Ayrıca verildikleri makamlara göre ve vadeli, vadesiz teminat mektupları olarak da
ayrılmaktadır.
Banka Teminat Mektuplarının Sağladığı Hukuki İlişkiler
Hukuki niteliğinden bahsedecek olursak banka teminat mektupların garanti
sözleşmesi olarak değerlendirilmektedir.
Garanti sözleşmesi; Sözleşmenin amacı garanti verenin (yani banka) garanti alana
(yani muhataba) belli bir sonucun gerçekleşmesini veya belli bir durunun (halın)
devamını garanti etmesidir.
Banka teminat mektubunun sağladığı ilişkinin tarafları garanti veren banka ile garanti
alan muhataptır. Bir sözleşme olarak garanti sözleşmesi de karşılıklı bir birine uygun
irade açıklamalarını gerektirir.
Banka teminat mektuplarında muhatabın ilk yazılı talebinde derhal ve gecikmesiz
ödeme taahhüdü yer alacağından banka garanti ettiği rizikonun doğup doğmadığına
bakmaksızın muhatabın yazılı beyanını yeterli görerek ödemede bulunacaktır.
Ödemede bulunmamışsa talep tarihi ile fiili ödeme tarihi arasında geçen süre için
kanuni faiz ödemek zorunda kalır. Banka ancak lehtar ile imzaladığı bir karşı garanti
ile rücu imkânını elde etmektedir.
Garanti alanın yani muhatabın hukuki durumu ise bankanın ödeme
yükümlülüğünü yerine getirmesi için muhatabın yazılı tazmin talebinde bulunması
gerekir. Bankanın garanti ettiği lehtarın yükümlülüğü yerine getirilmişse artık bankanın ödemede bulunması gerekmez yani garanti veren bankanın tazmin yükümlülüğü
sona erer. Bu durumda muhatabın teminat mektubunu bankaya iade etmesi gerekir.

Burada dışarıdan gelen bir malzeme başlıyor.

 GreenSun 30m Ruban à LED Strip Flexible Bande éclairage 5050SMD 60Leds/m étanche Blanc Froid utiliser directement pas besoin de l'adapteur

Teminat mektubu kıymetli evrak değildir.
Lehtar banka ile lehtar arasındaki garanti sözleşmesince borcu (fiili) tekeffül edilen
kişidir. Mektubun düzenlenmesi karşılığında bankaya komisyon verdiği gibi ayrıca
ödeme durumunda bankanın kendisine rücu edebilmesi için de bankayla bir karşı
garanti akdetmektedir (Kontr-garanti). Teminat mektubu kıymetli evrak olmadığı için
haczi mümkün değildir, buna karşılık rizikonun gerçekleşmesi nedeniyle muhatap
lehine bir alacağın doğması halinde bu alacağın genel hükümlere göre haczi
mümkündür.
Zamanaşımı
Burada zaman aşımı riskin doğumu ile başlar ve zamanaşımı süresi 10 yıldır. Bu süre
karşı garanti (Kontr-garanti) içinde geçerlidir.

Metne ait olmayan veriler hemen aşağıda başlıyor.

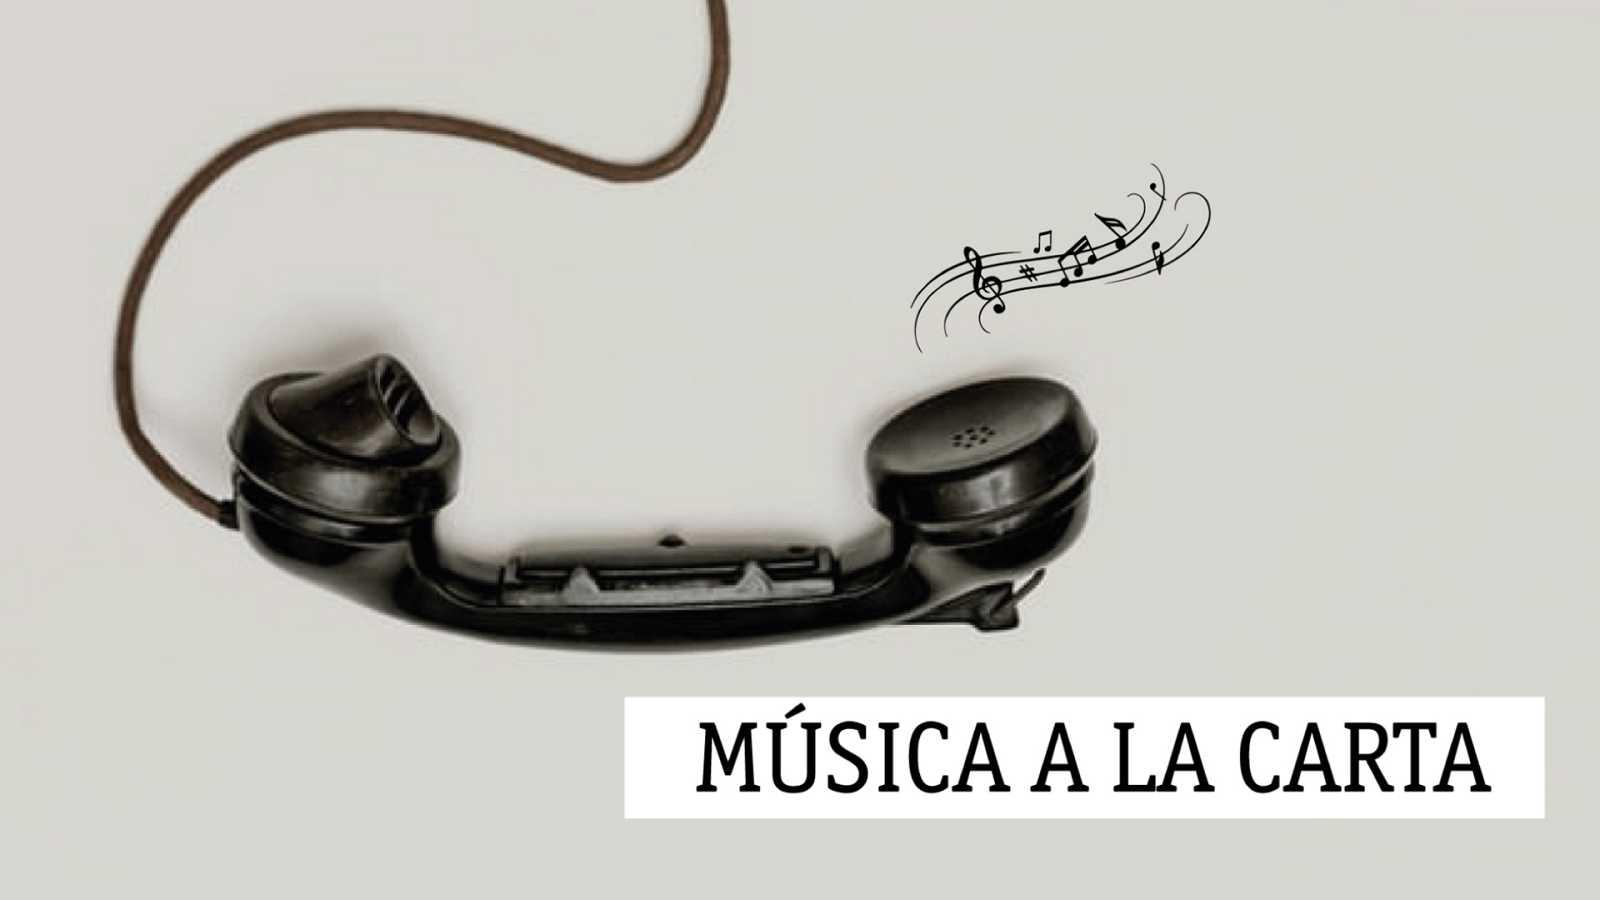 Música a la carta - 23/03/21 - escuchar ahora

tekeffül etmektedir. Akdin tarafları ilk kefil ile rücuna kefildir. Bu kefalet adi kefalet
niteliğindedir.
14. SAKLAMA SÖZLEŞMELERİ ( vedia sözleşmeleri)
Saklama sözleşmesi, saklayanın, saklatanın kendisine bıraktığı bir taşınırı güvenli bir
yerde koruma altına almayı üstlendiği sözleşmedir.
Açıkça öngörüldüğü veya durum ve koşullar gerektirdiği takdirde, saklayan ücret
isteyebilir.
Saklatanın borçları
 Saklatan, sözleşmenin ifasının zorunlu kıldığı bütün masrafları ödemekle
yükümlüdür.
 Saklatan, kendi kusurundan ileri gelmediğini ispat etmedikçe, saklayanın
saklamadan doğan zararlarını gidermekle yükümlüdür.
Saklayanın borçları
1. Kullanım yasağı: Saklayan, saklatanın izni olmadıkça saklananı kullanamaz.
2. Geri verme: Saklama sözleşmesinde bir süre belirlenmiş olsa bile saklayan,
saklatanın her zaman ileri sürebileceği istemi üzerine, saklananı bütün çoğalmalarıyla
birlikte geri vermekle yükümlüdür.
Özel durumlar
1) Saklayan, belirlenmiş olan sürenin sona ermesinden önce saklananı geri veremez.
Ancak saklayan, öngörülemeyen durumlar dolayısıyla sözleşmenin devamı
saklanan için tehlikeli veya kendisi için zararlı olursa, belirlenen sürenin sona
ermesinden önce de geri verebilir.
2) Süre belirlenmemişse, saklayan saklananı her zaman geri verebilir.
3) Geri verme yeri: Saklanan, masrafları ve hasarı saklatana ait olmak üzere,
korunması gereken yerde geri verilir.
HAVALE
Havale, havale edenin, kendi hesabına, para, kıymetli evrak ya da diğer bir mislî
eşyayı havale alıcısına vermek üzere havale ödeyicisini; bunları kendi adına kabul
etmek üzere havale alıcısını yetkili kıldığı bir hukuki işlemdir.
Havale tek taraflı bir irade açıklamasıyla havale ödeyicisine ödeme, havale alıcısına
ise alma (kabz) yetkisi vermektedir.
Havalenin konusu nakit veya kıymetli evrak ve sair misli şeyler olarak ifade edilir.
Havale tam anlamıyla bir sözleşme değil aksine tek taraflı fakat varması gerekli bir
hukuki işlemi ifade eder.
Havale, havale edenin havale alıcısına olan borcunun ifası amacıyla yapılıyorsa, bu
borç ancak havale ödeyicisinin borcu ifa etmesiyle sona erer.